(Directions for this task):
In your copy, leave out the pictures and output only the lines from the one holding "Antipodes Joyous Protein-rich" through the end of the data below, exactly.

(The data):
○ ○ ○
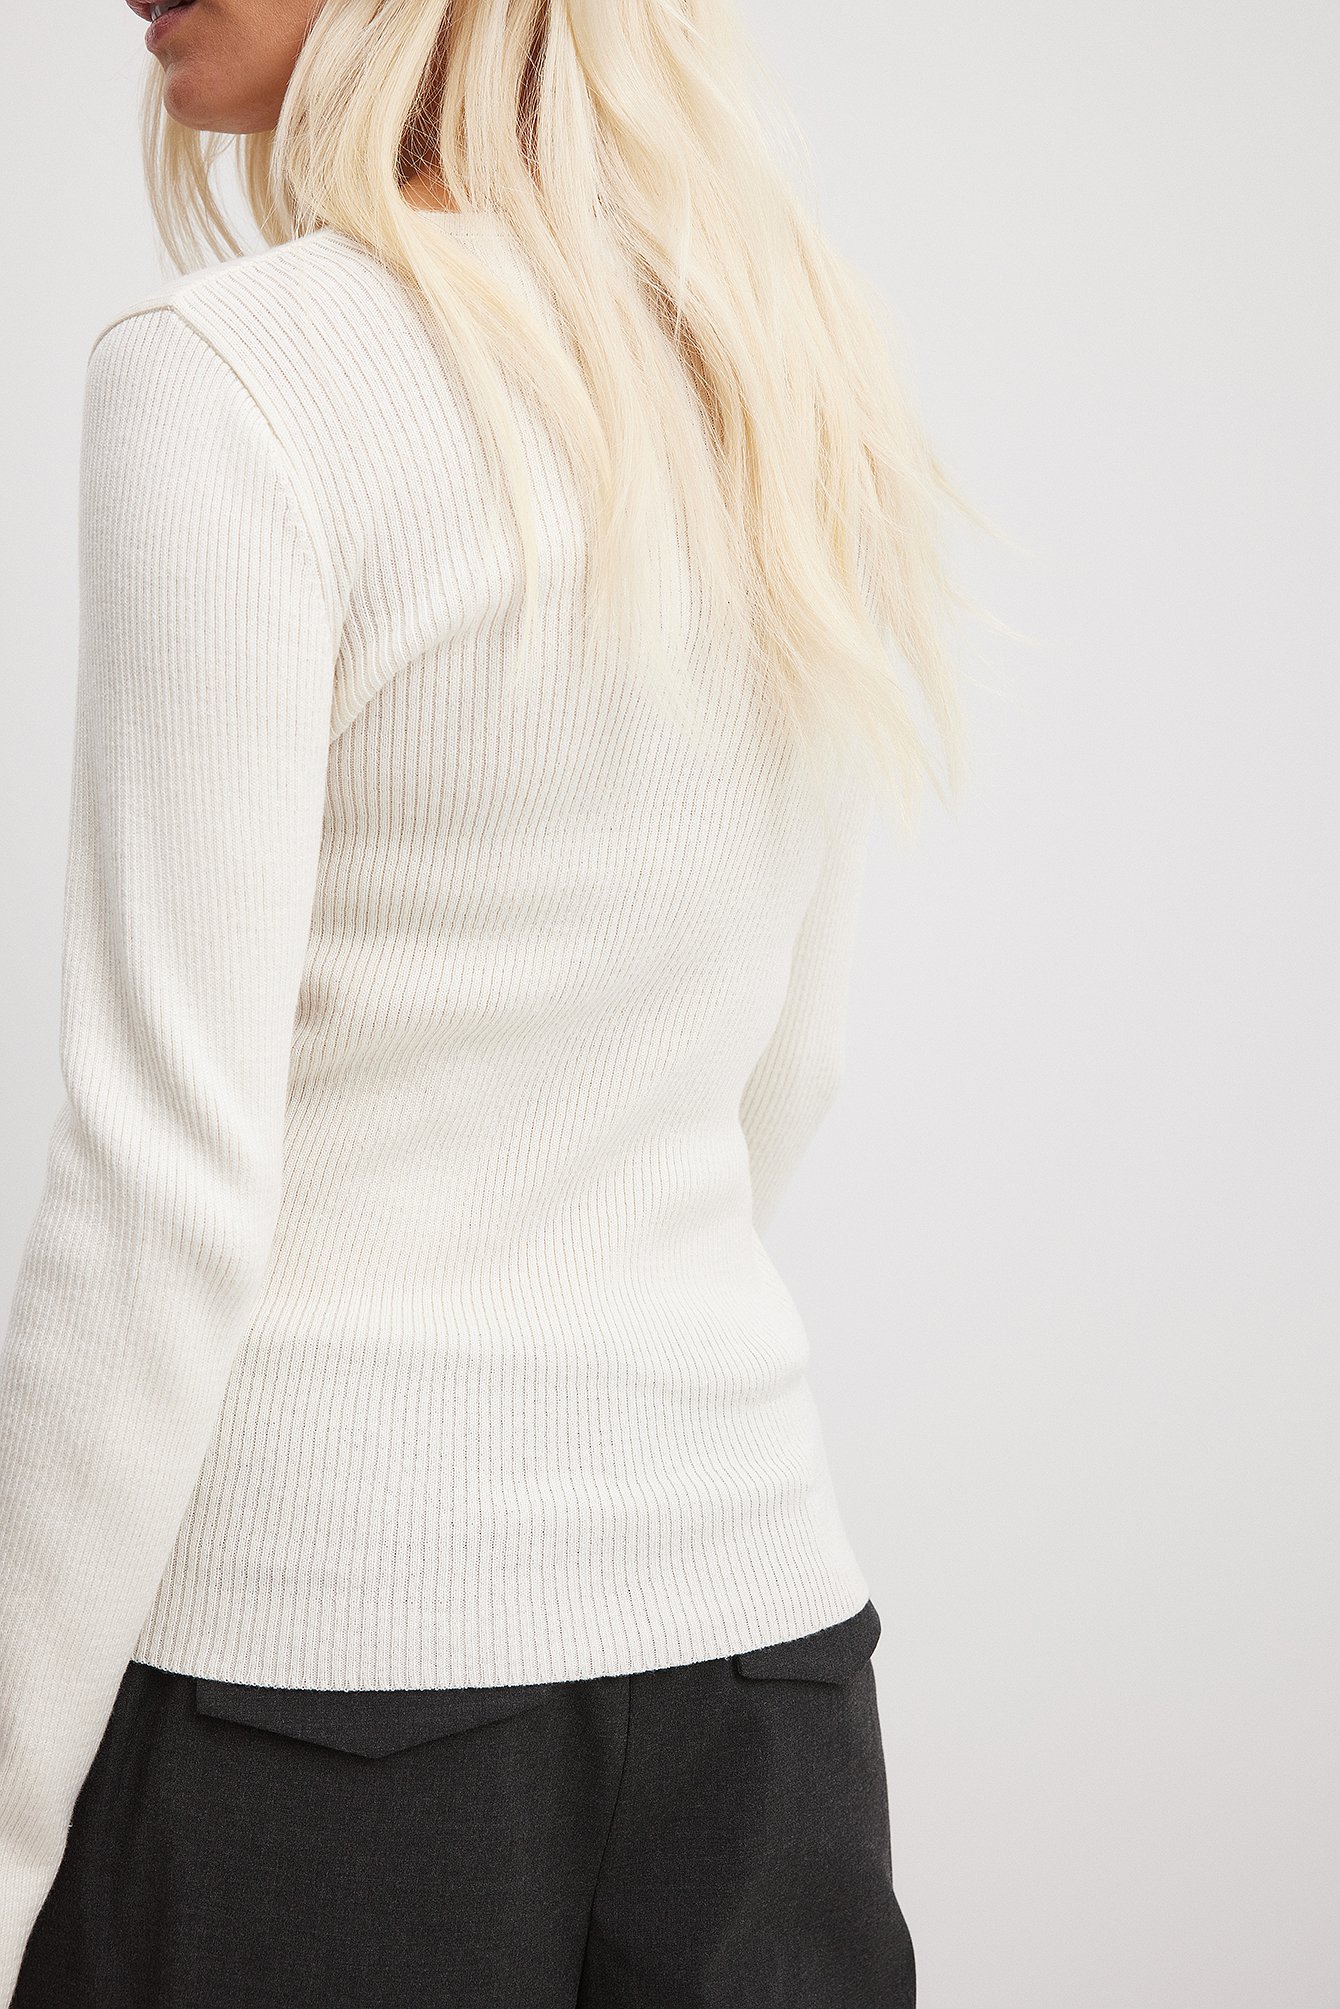 V-detail Light Rib Knitted Sweater Offwhite | NA-KD
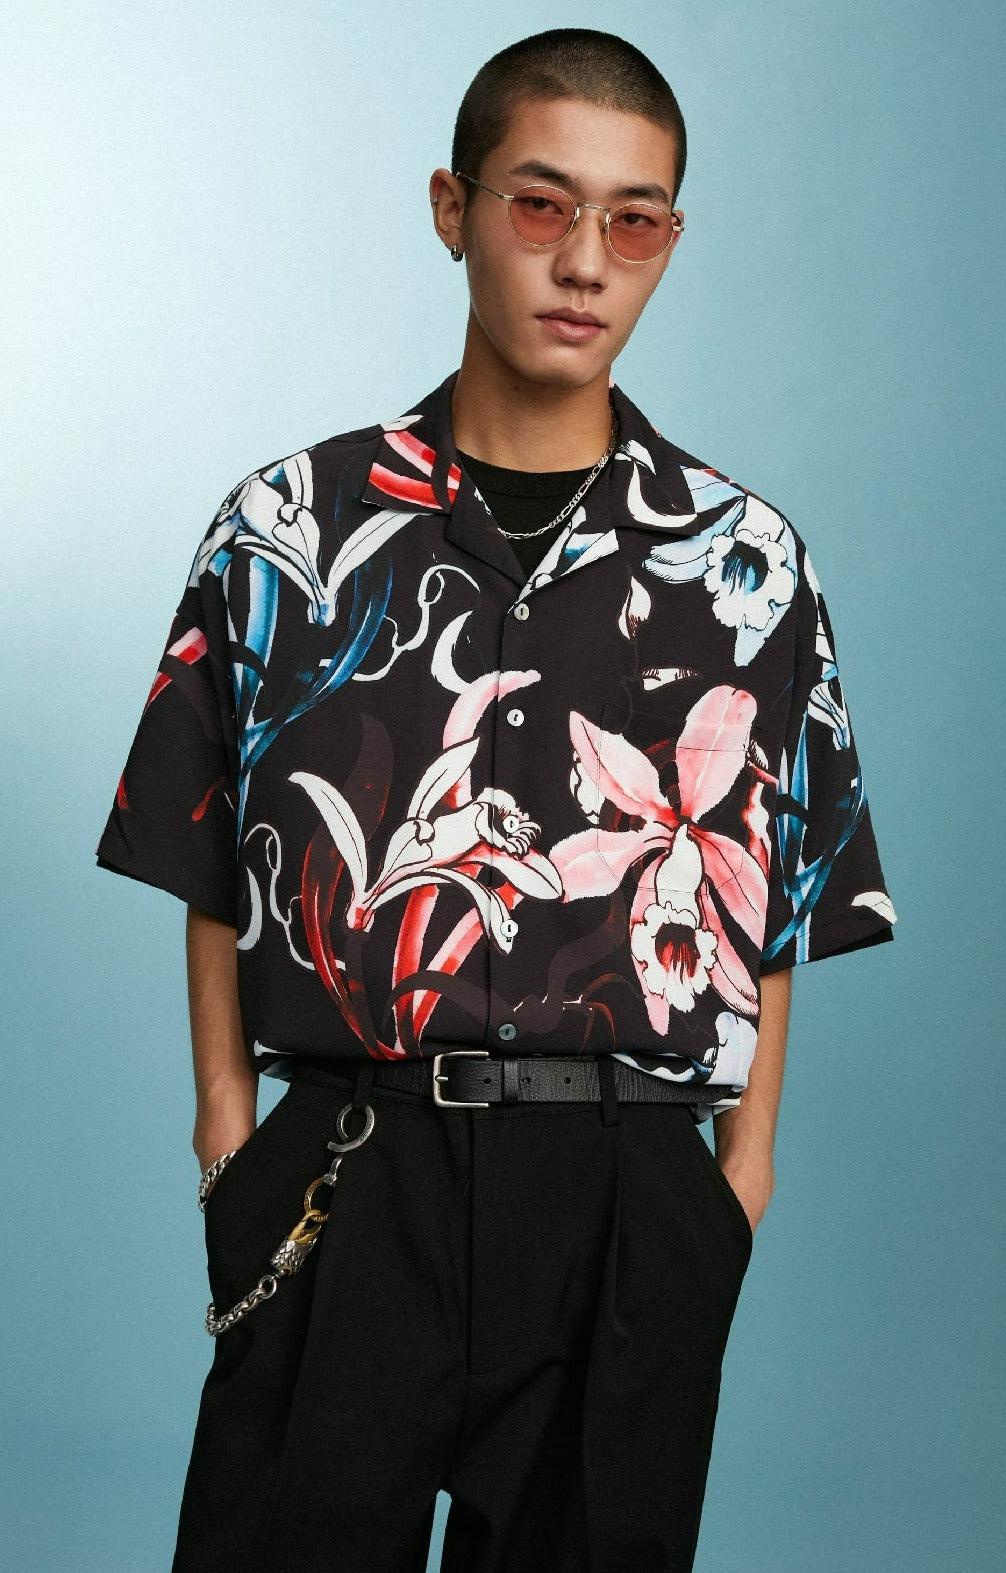 Floral Pattern Hawaiian Shirt Korean Street Fashion Shirt By Super Tofu Shop Online at OH Vault
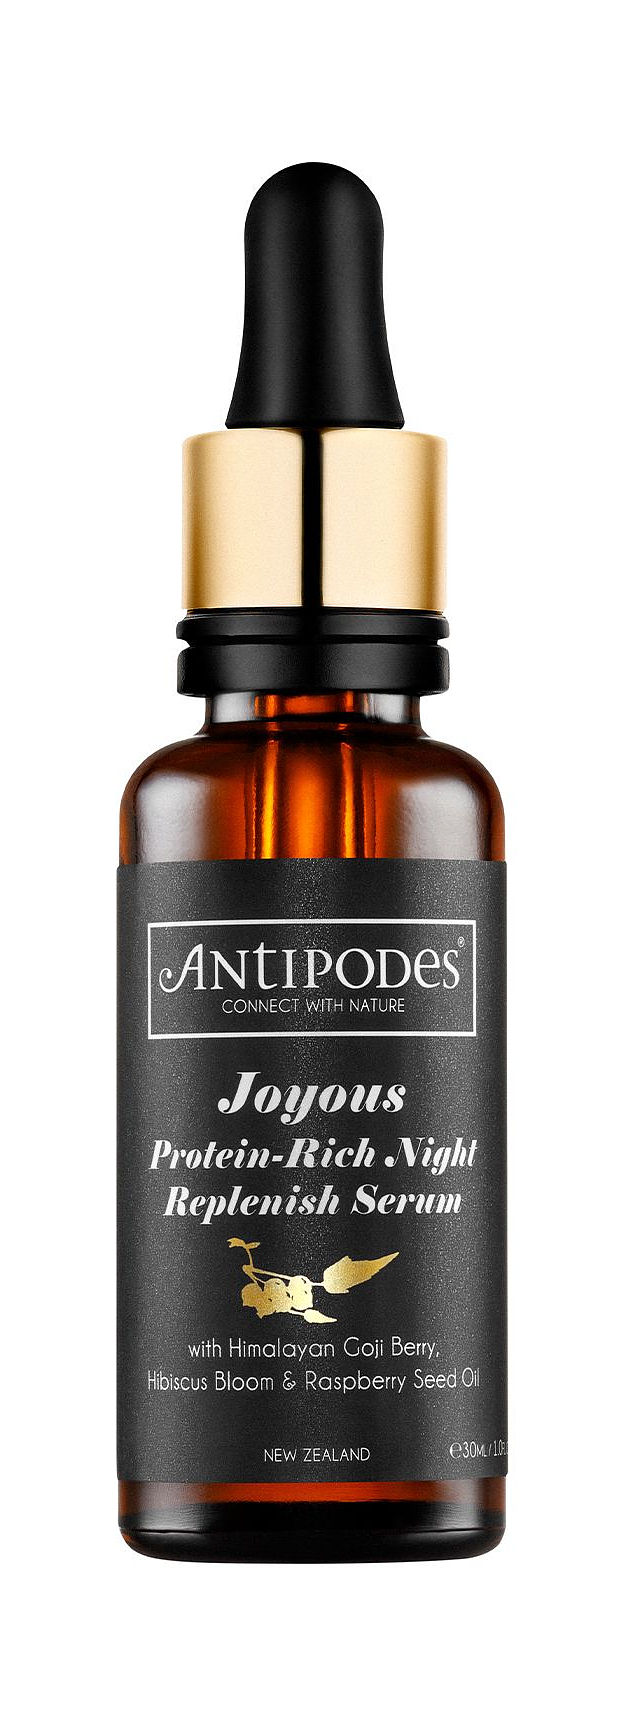 Antipodes Joyous Protein-rich Night Replenish Serum 30ml
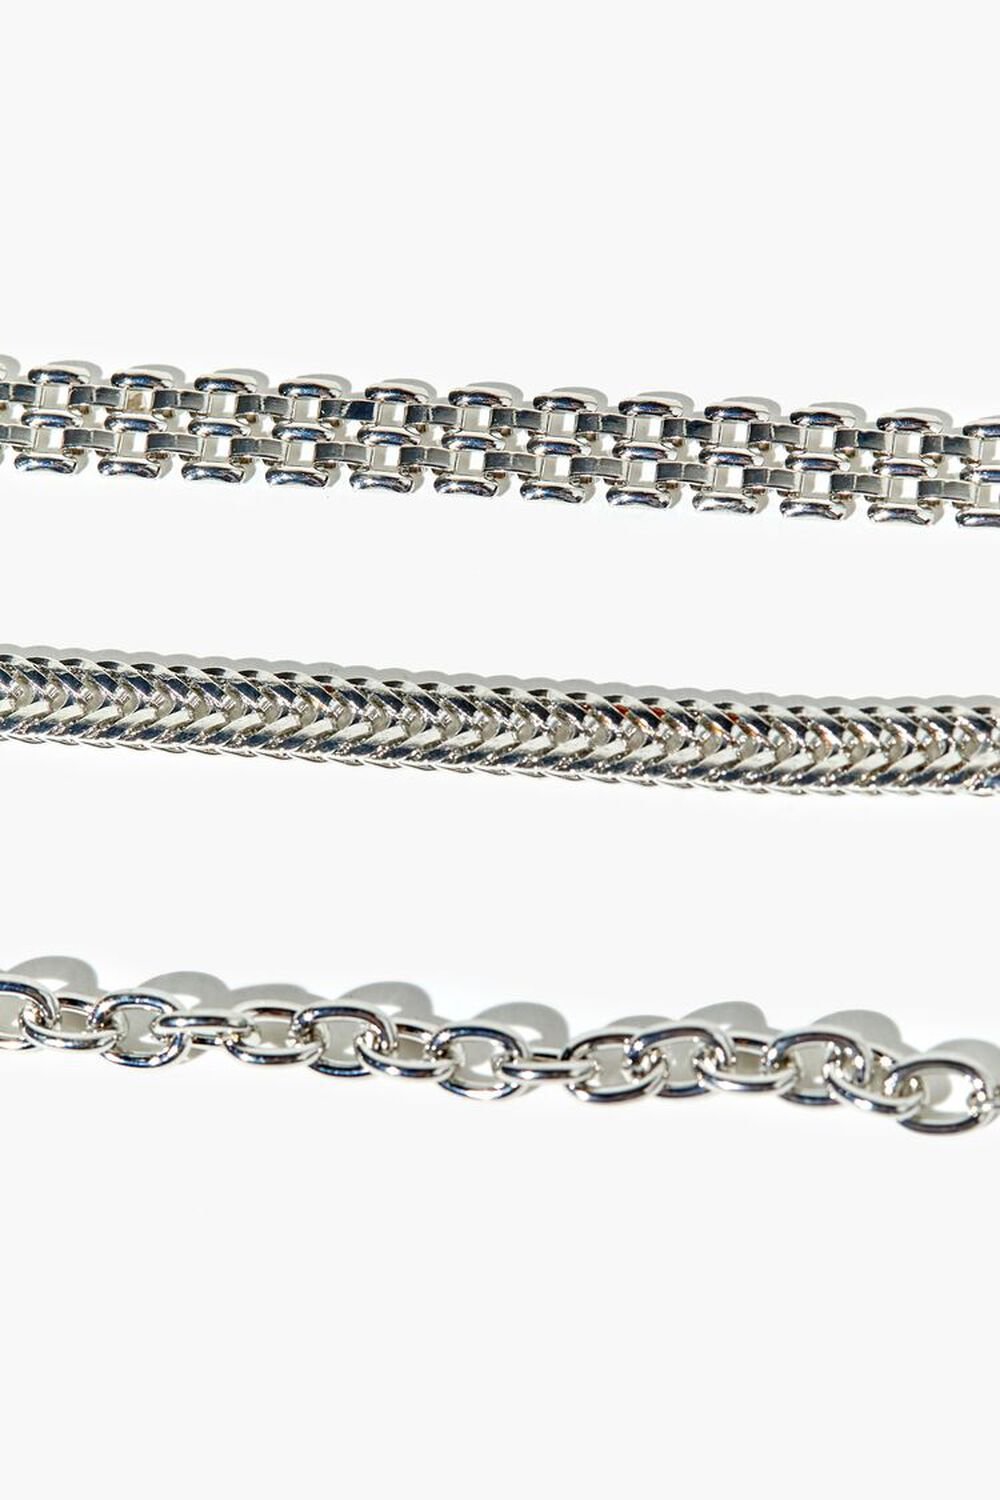 SILVER Chain Bracelet Set, image 1
○ ○ ○
(Result of this task):
 Antipodes Joyous Protein-rich Night Replenish Serum 30ml
 SILVER Chain Bracelet Set, image 1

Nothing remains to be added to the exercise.